§ Dataset extract
-*-

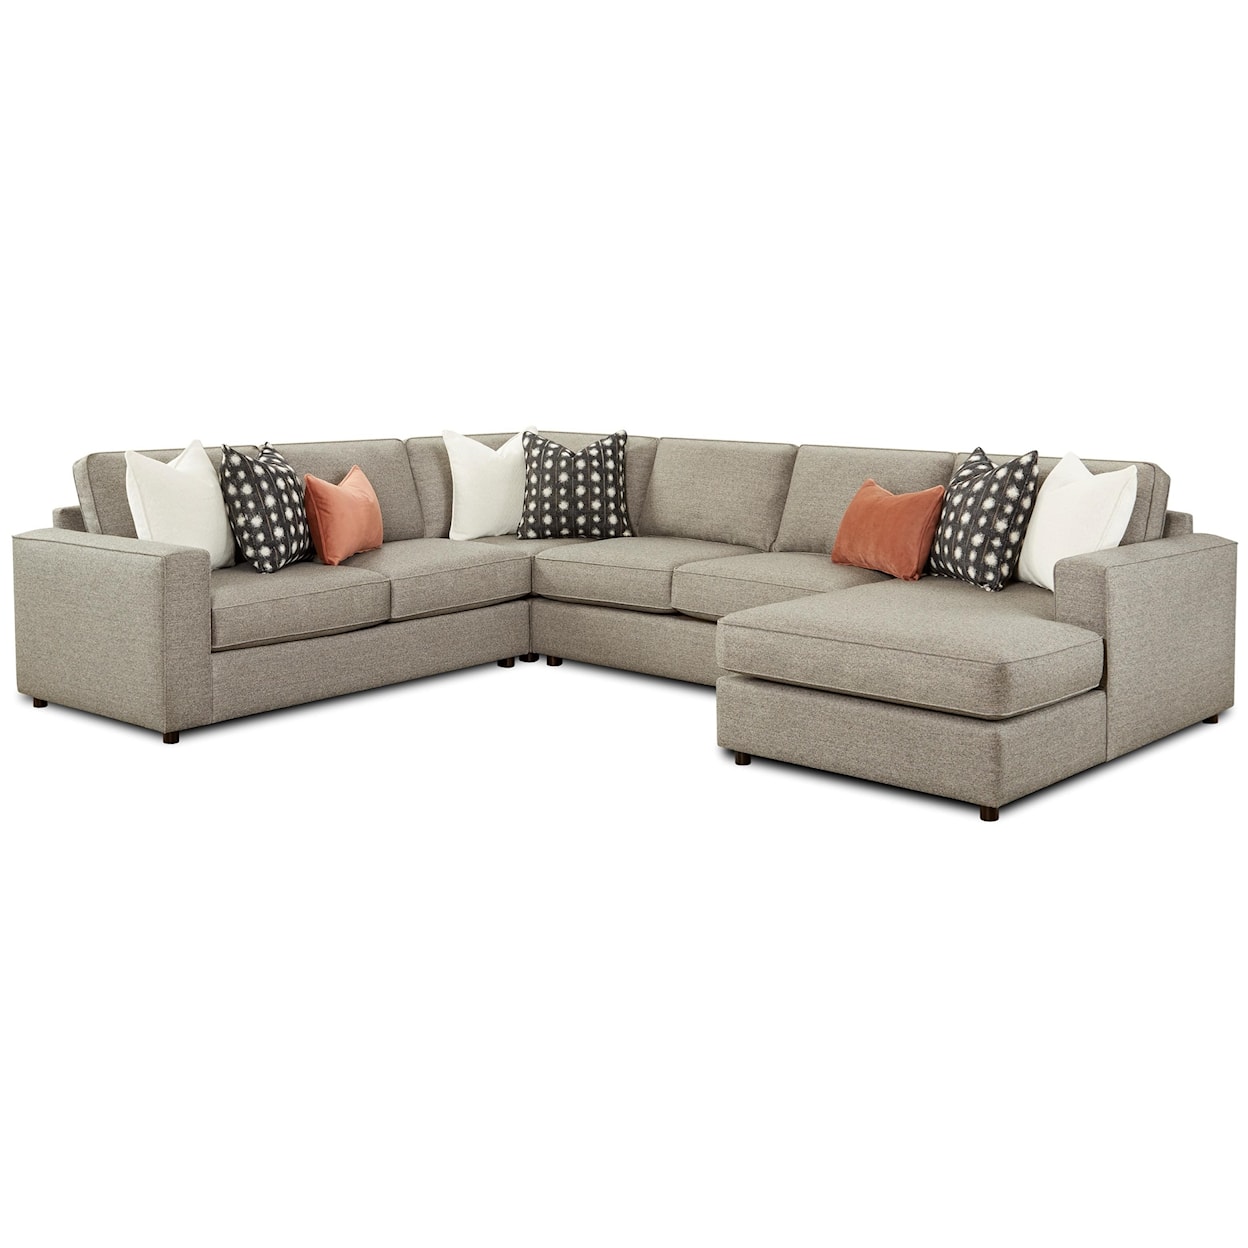 VFM Signature 2061 MONROE ASH 4-Piece Sectional with Chaise
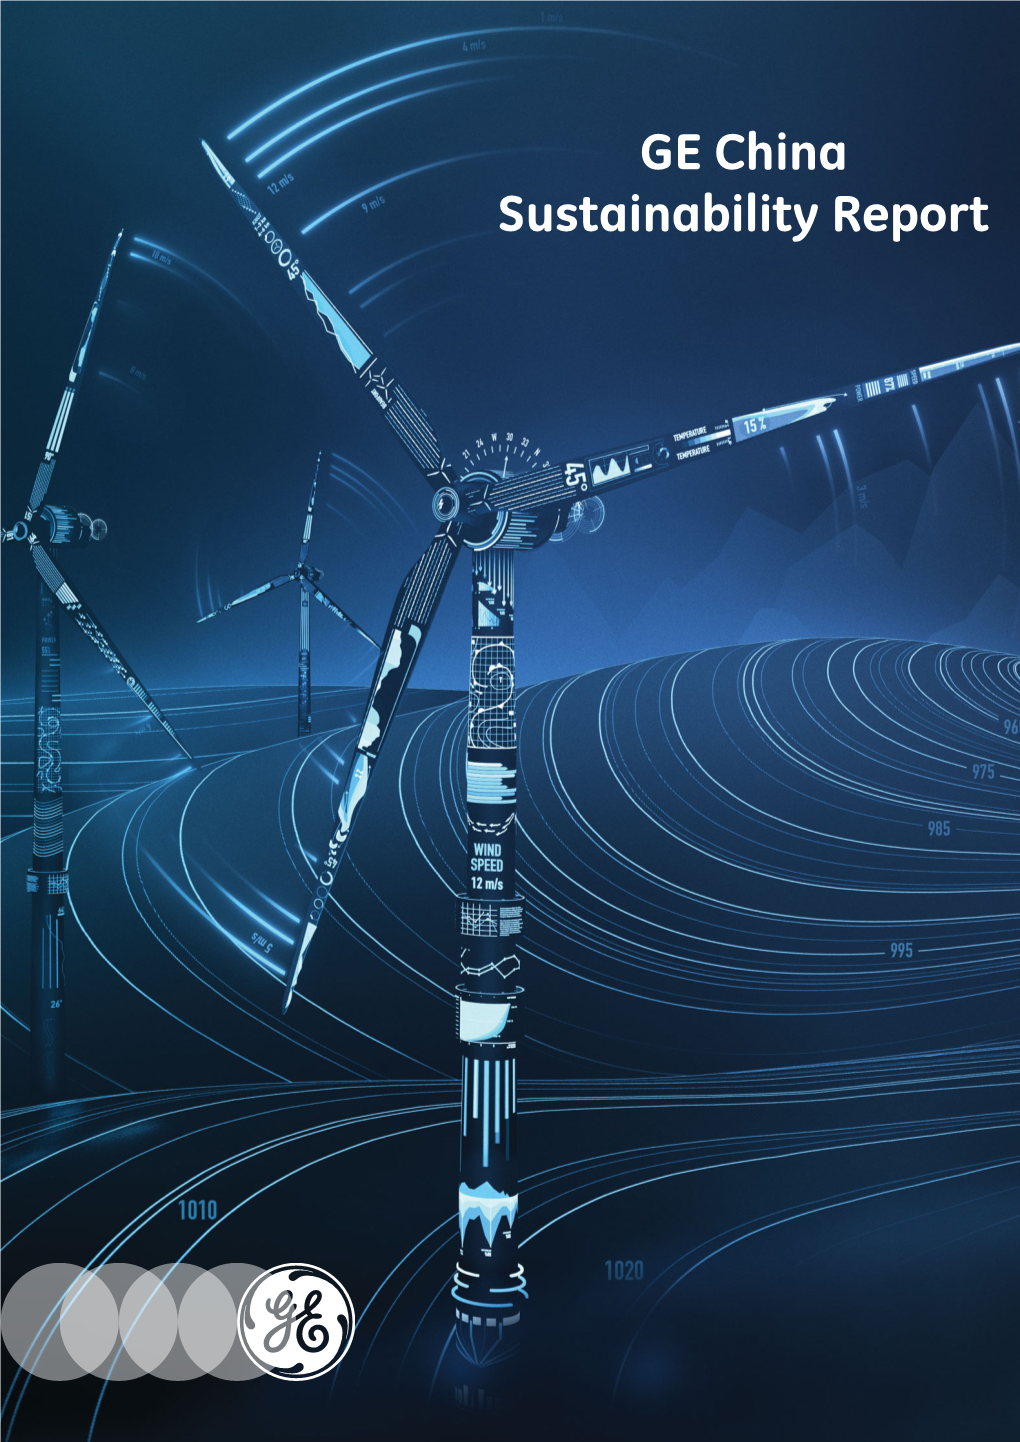 GE China Sustainability Report Table of Contents
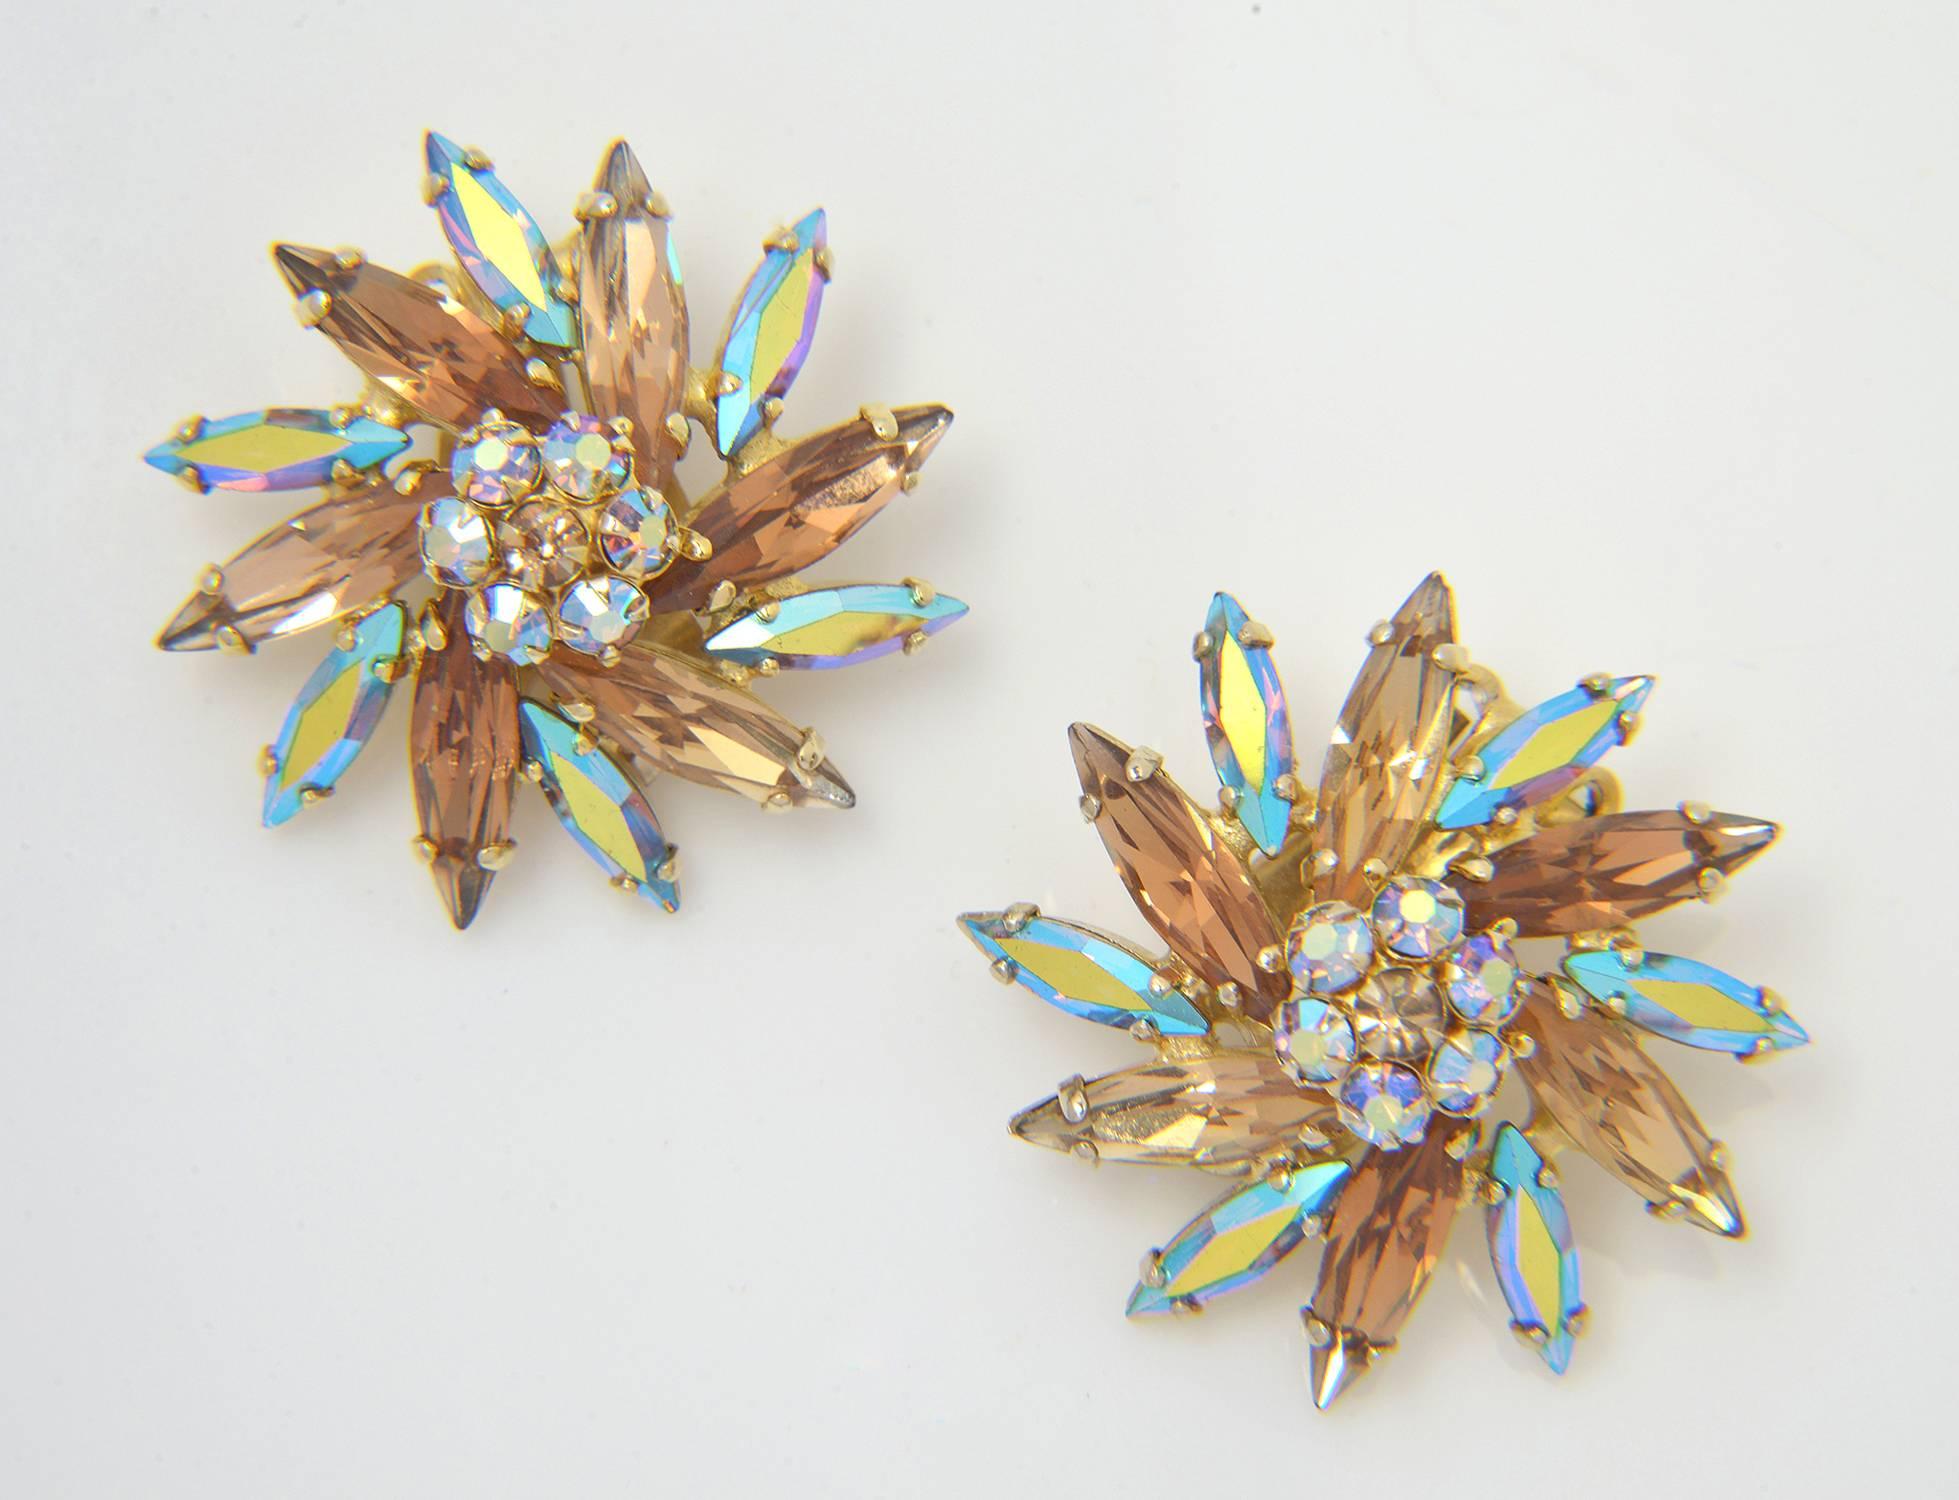 This 1950's signed by Sherman aurora borealis coated brooch comes with matching clip-on earrings. They are quite easy to have made into pierced earrings as well.  The set twinkles with lovely champagne and topaz hues.

Sherman, whose slogan was

-*-

§ Work request
Everything from the line with "GE China Sustainability" through the final line of the material is to be returned exactly, both ends included, apart from the pictures.

§ Result
 GE China Sustainability Report Table of Contents
 This 1950's signed by Sherman aurora borealis coated brooch comes with matching clip-on earrings. They are quite easy to have made into pierced earrings as well.  The set twinkles with lovely champagne and topaz hues.

Sherman, whose slogan was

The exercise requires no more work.